ROVIGO - La versione ufficiale parla di una semplice "insubordinazione", senza rivolta né tentativo di fuga. Ma quanto dichiarato dal Dipartimento per la Giustizia minorile cozza con ciò che sabato sera è accaduto e soprattutto con ciò che è stato visto e sentito all'esterno del carcere minorile di Rovigo: urla, colpi, l'allarme antiscalata che ha suonato più volte, le strade chiuse in pieno centro e l'intervento di tutte le forze dell'ordine. Una distanza netta tra la ricostruzione istituzionale e la dinamica dei fatti.

A ridimensionare l'episodio è il capo del Dipartimento per la Giustizia minorile e di comunità, Antonio Sangermano. «Non c'è stata alcuna rivolta presso l'Ipm di Rovigo, ma solo l'ostinata volontà di cinque ragazzi neo maggiorenni di non fare rientro in sezione» si legge nella nota. «La polizia penitenziaria, con il coordinamento del direttore Roberta Ghidelli e del comandante Maria Grazia Grassi, ha ristabilito l'ordine in modo pacifico, senza uso della forza e senza colluttazioni. Nessuno è rimasto ferito. Una rivolta ha connotazioni del tutto diverse, mentre si è trattato di un atto di insubordinazione, senza alcun tentativo di evasione».

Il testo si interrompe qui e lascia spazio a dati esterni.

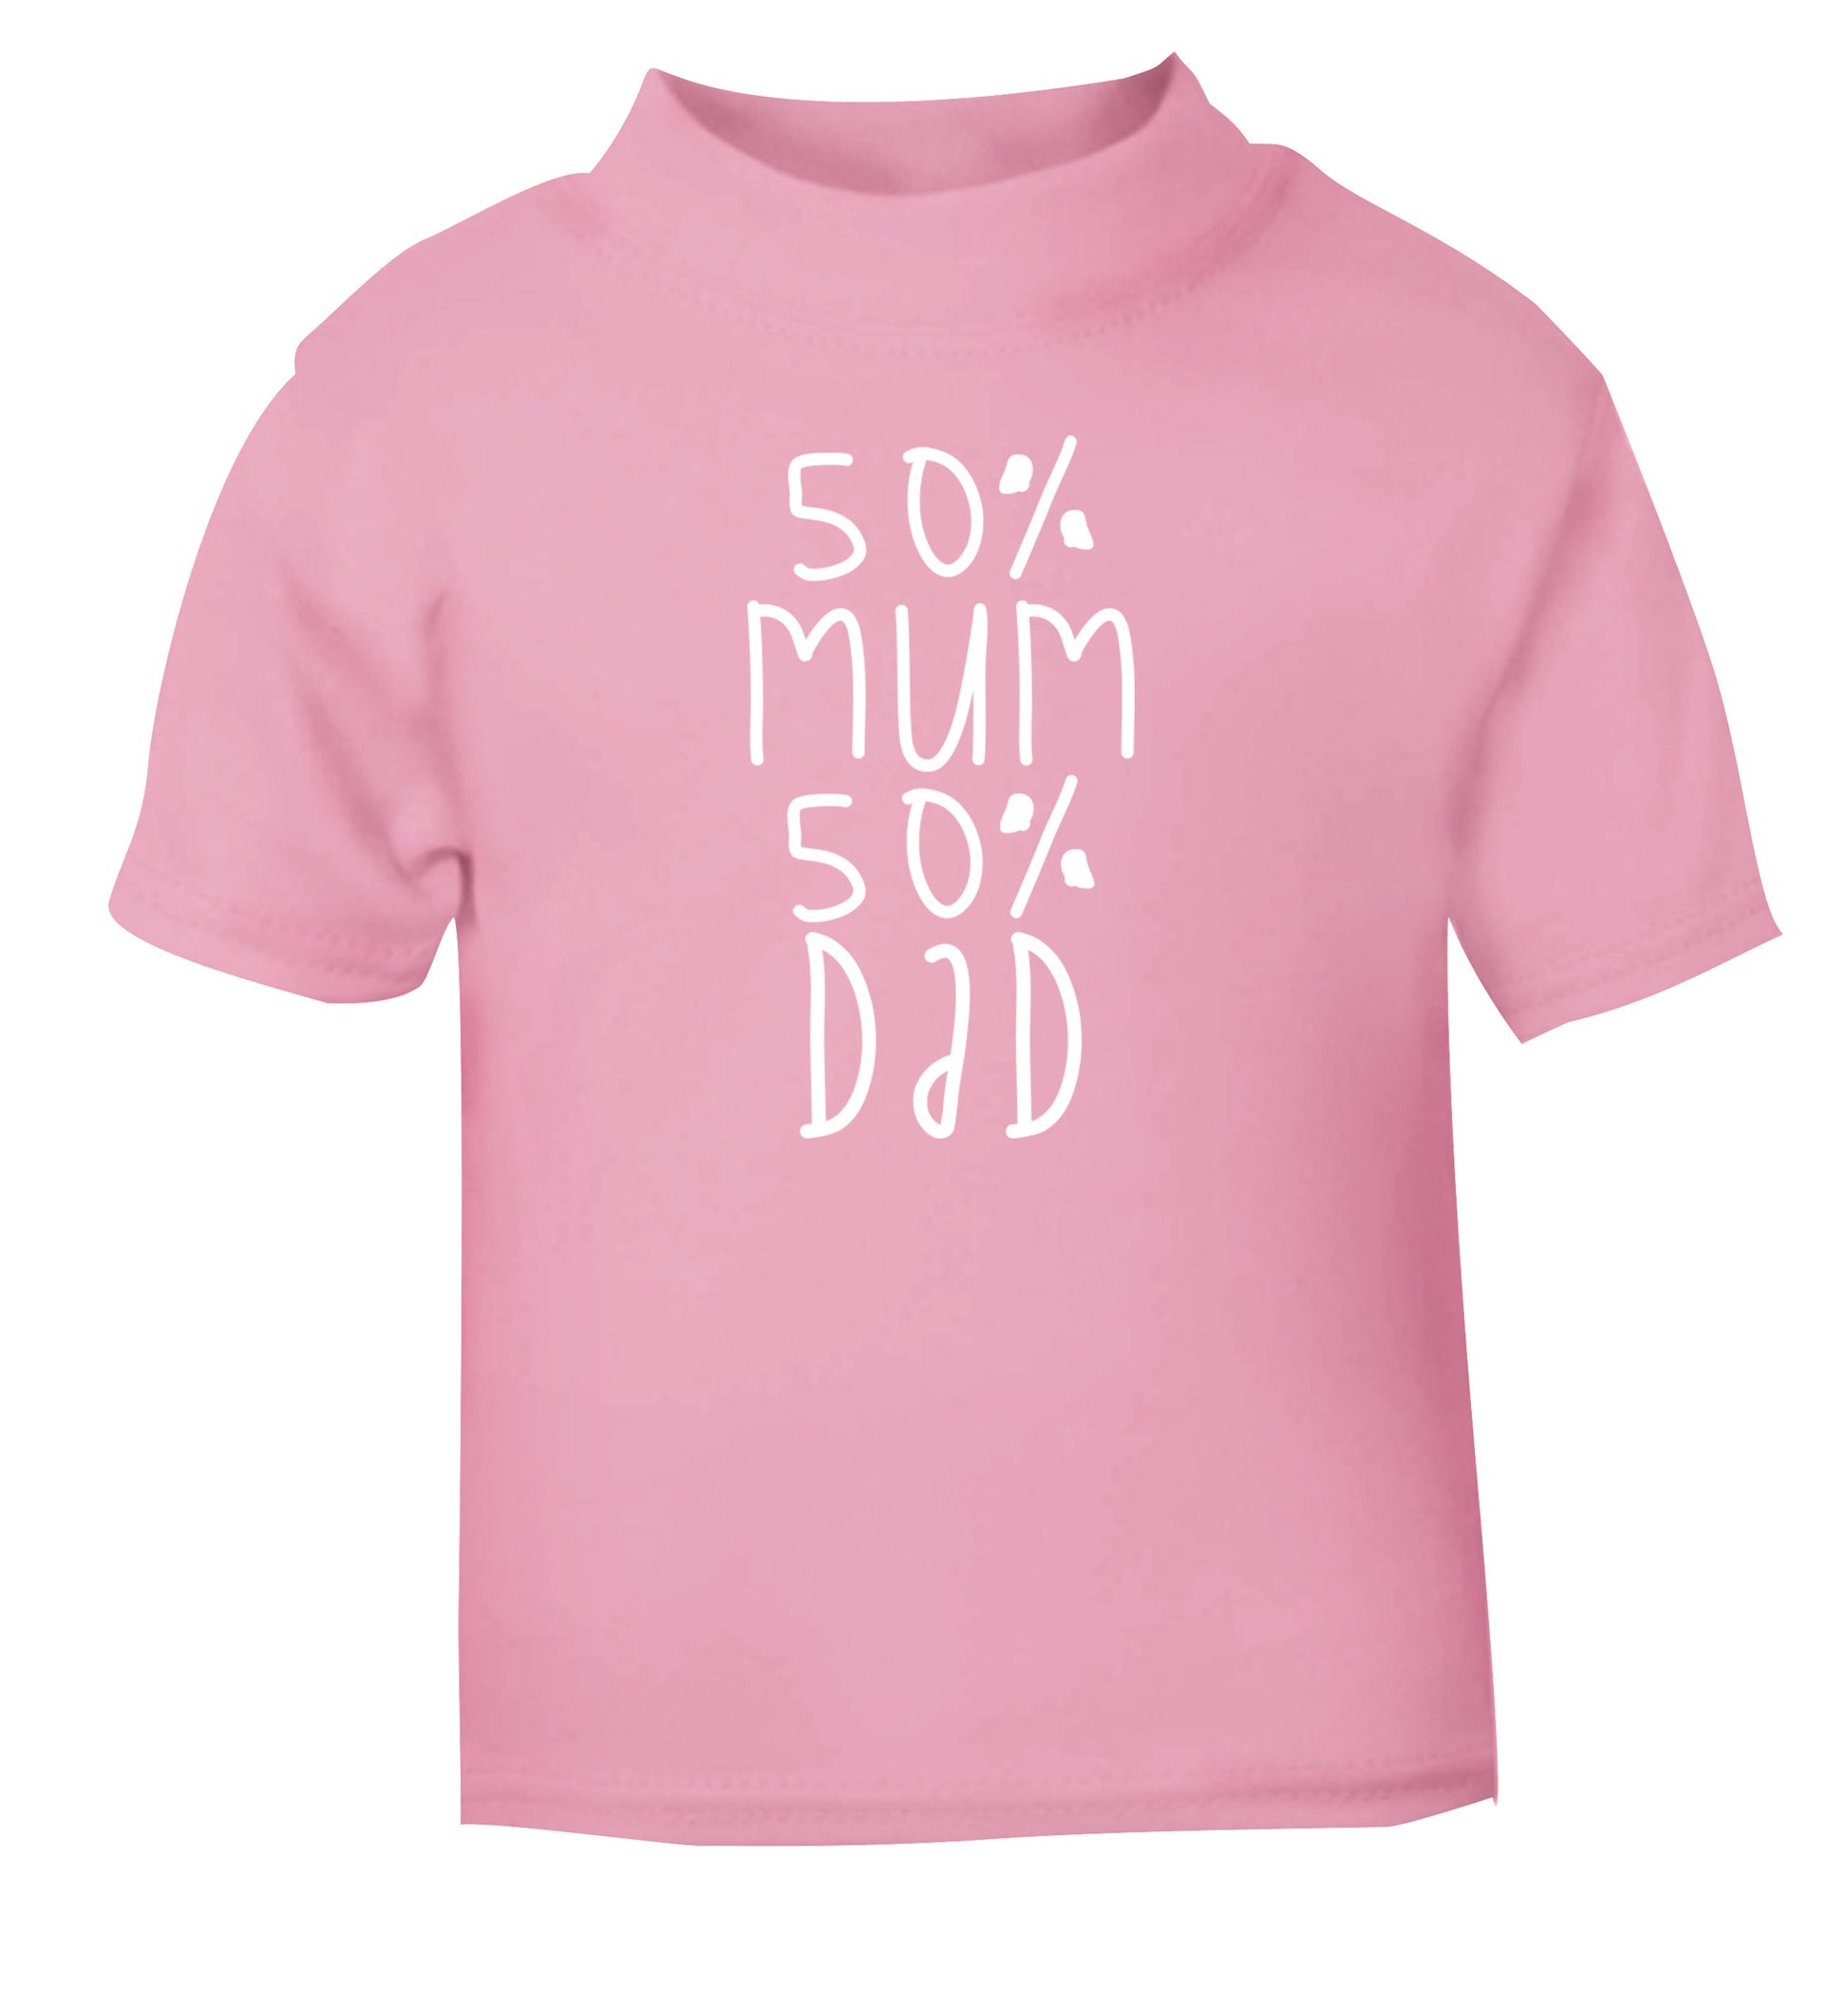 50% mum 50% dad light pink Baby Toddler Tshirt 2 Years

Una ricostruzione che, però, stride con quanto avvenuto sul campo. Sabato sera il sistema di sicurezza del carcere è entrato in funzione, con l'attivazione dell'allarme antiscalata e la conseguente mobilitazione di tutte le forze dell'ordine. Polizia di Stato, carabinieri e polizia locale hanno presidiato l'area, chiudendo le vie attorno all'istituto e gestendo una situazione durata diverse ore. Chi abita nei dintorni ha assistito a una scena ben diversa da quella descritta nella nota ministeriale.